Но она заставляла его бесконечно долго дожидаться ответов, к тому же лишенных всякого смысла. И недаром мне приходилось видеть, как Сен-Лу, с озабоченным лицом и нередко с пустыми рука-ми, возвращался с почты, куда из всего отеля только он и Франсуаза ходили сами отправлять и получать свои письма — он от нетерпения, свойственного влюбленному, она же из недоверия, отличавшего нашу старую служанку. (Телеграммы заставляли его проделывать еще более далекий путь.)
Когда через несколько дней после обеда у Блоков бабушка радостно сообщила мне, что Сен-Лу спрашивал ее, не разрешит ли она ему до его отъезда из Бальбека снять ее, и когда я увидел, что она ради этого надела свое лучшее платье и колеблется, какую выбрать шляпу, я был несколько раздосадован этим ребячеством, которое с ее стороны так удивило меня. Я даже задал себе вопрос, не обманулся ли я в моей бабушке, не слишком ли высоко я ее ставлю, так ли она равнодушна ко всему, касающемуся ее личности, нет ли в ней того, что я считал наиболее чуждым ей, — кокетства.

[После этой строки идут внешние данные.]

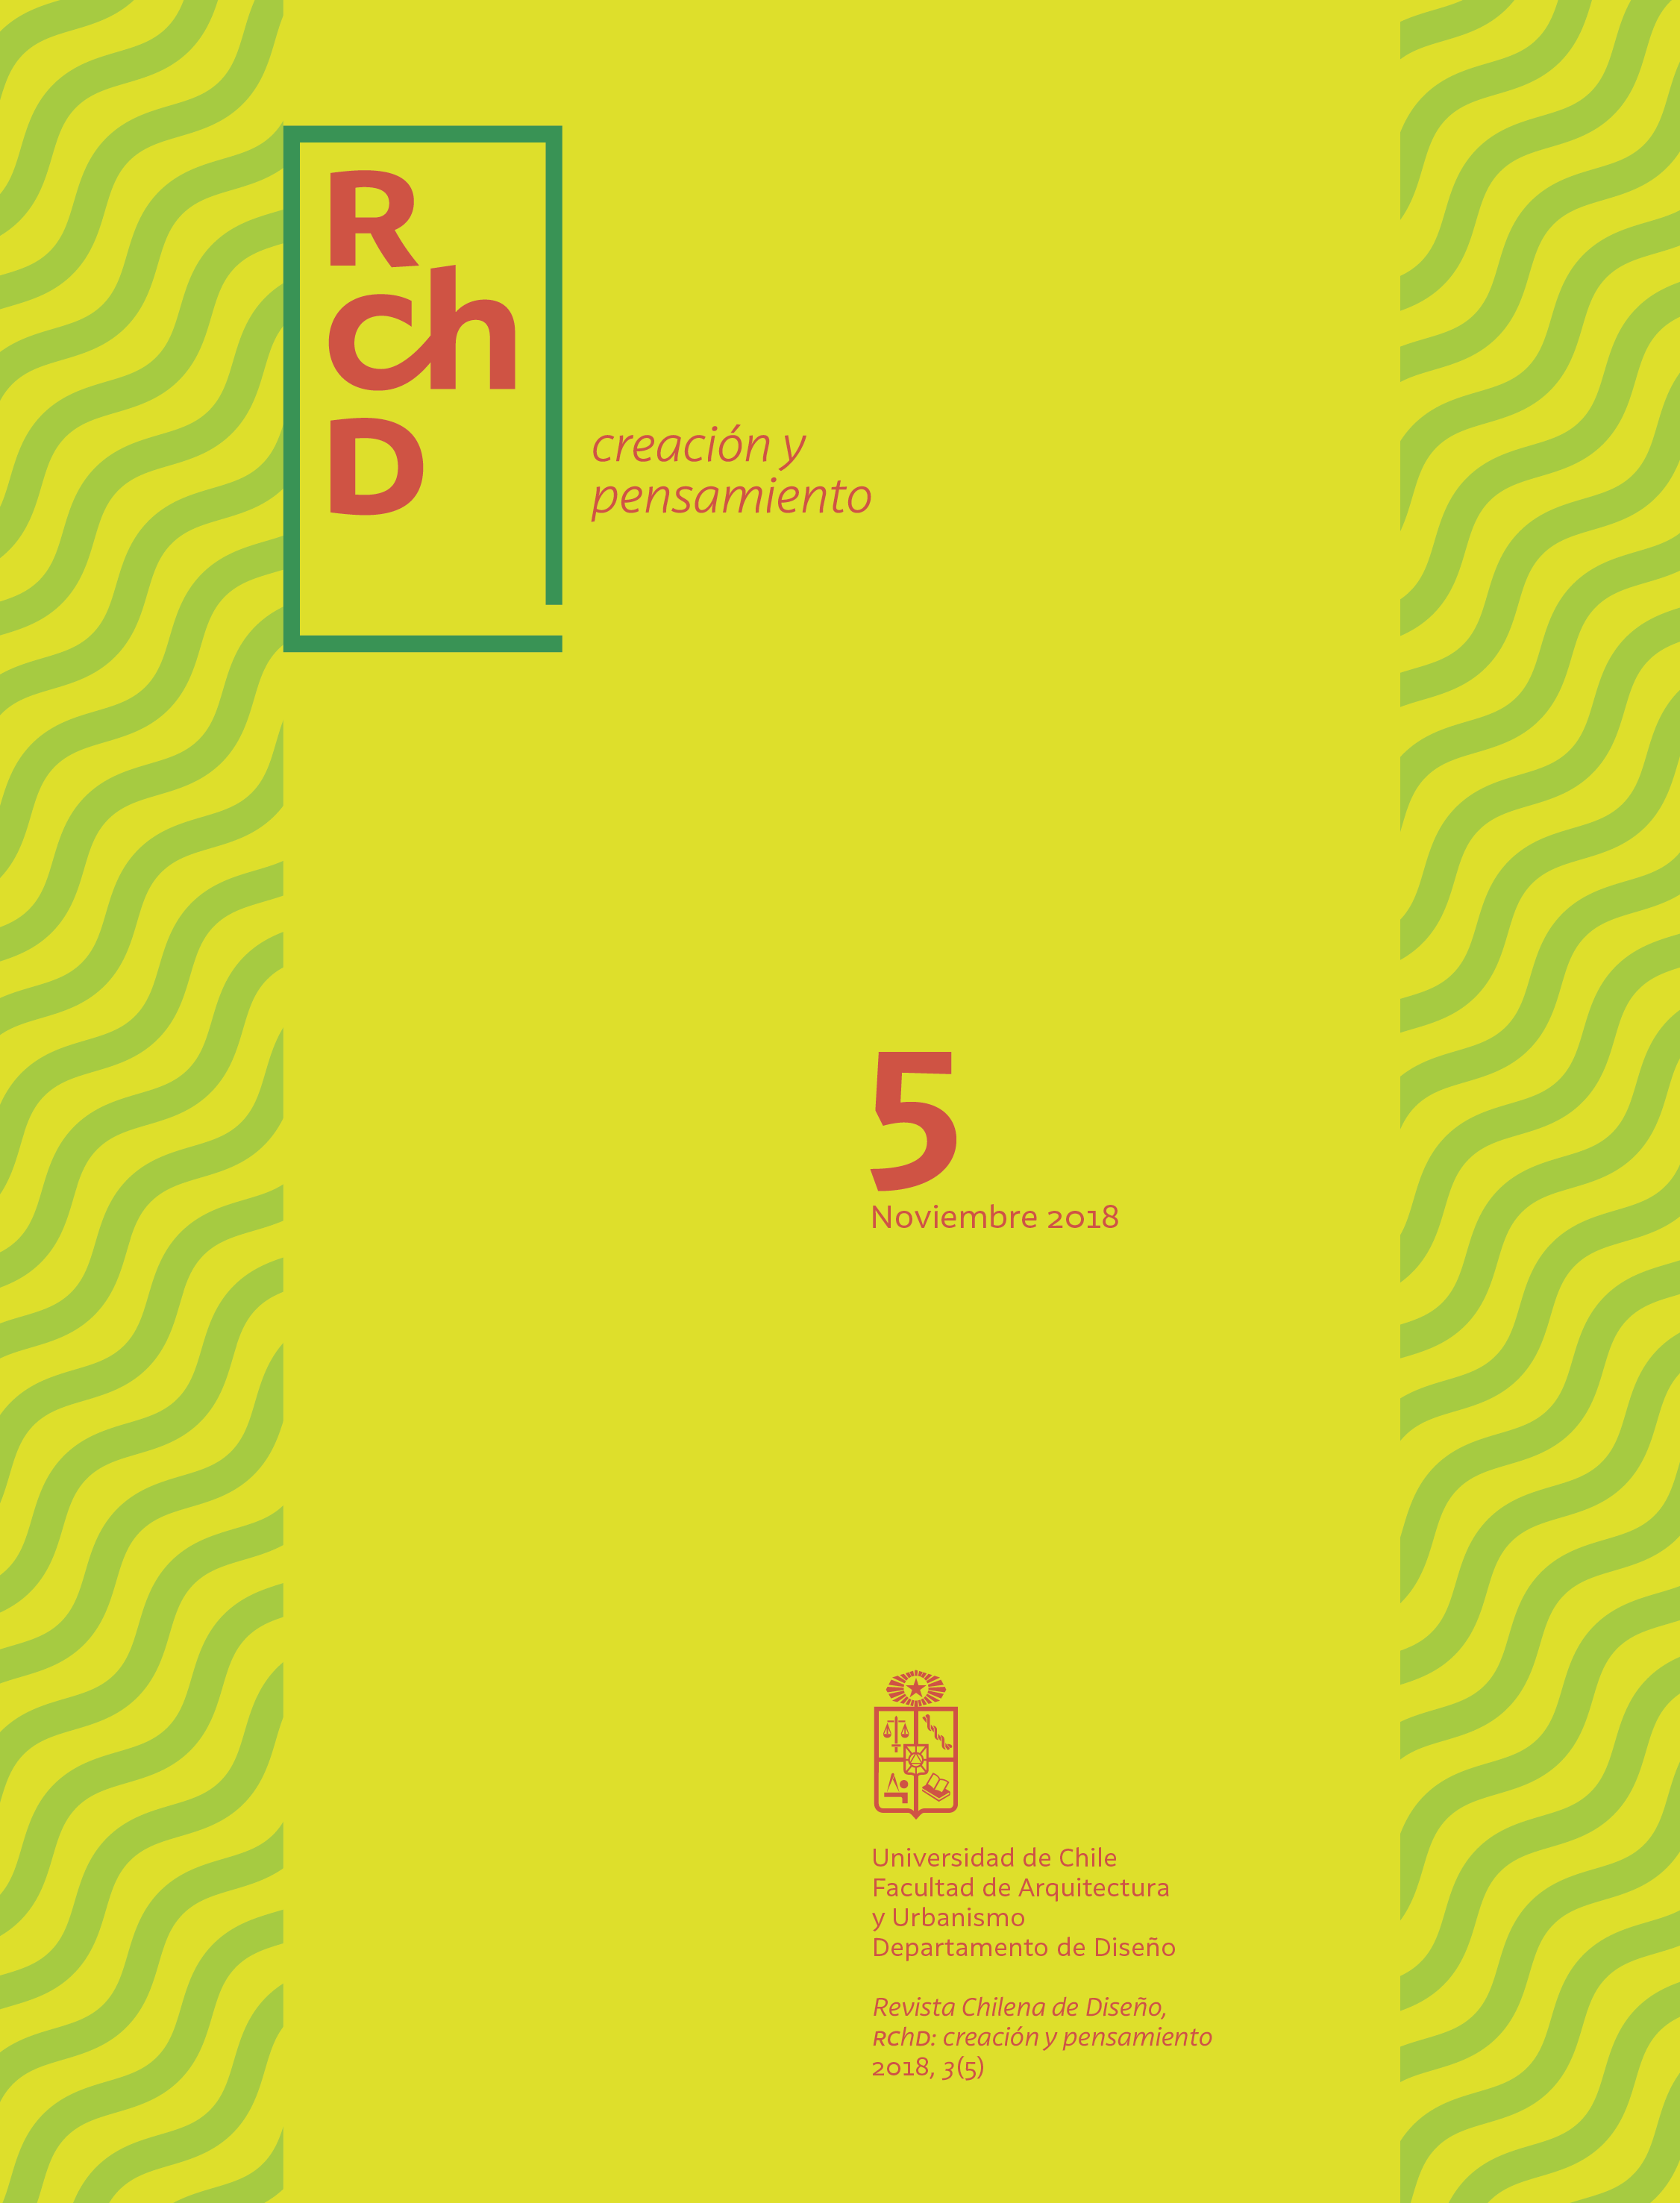 Revista Chilena de Diseño (RChD): creación y pensamiento", volumen 3 número 5.

К несчастью, досада, вызванная во мне этим проектом, а в особенности тем удовольствием, которое, видимо, он доставлял бабушке, проявилась настолько заметно, что Франсуаза обратила на нее внимание и невольно постаралась усилить ее, обратившись ко мне с чувствительной, растроганной речью, которой я не пожелал внять:
— Ах, сударь, бедной барыне так приятно, что ее будут снимать, и ведь она даже наденет шляпу, которую для нее переделала старая Франсуаза. Не надо мешать ей, сударь!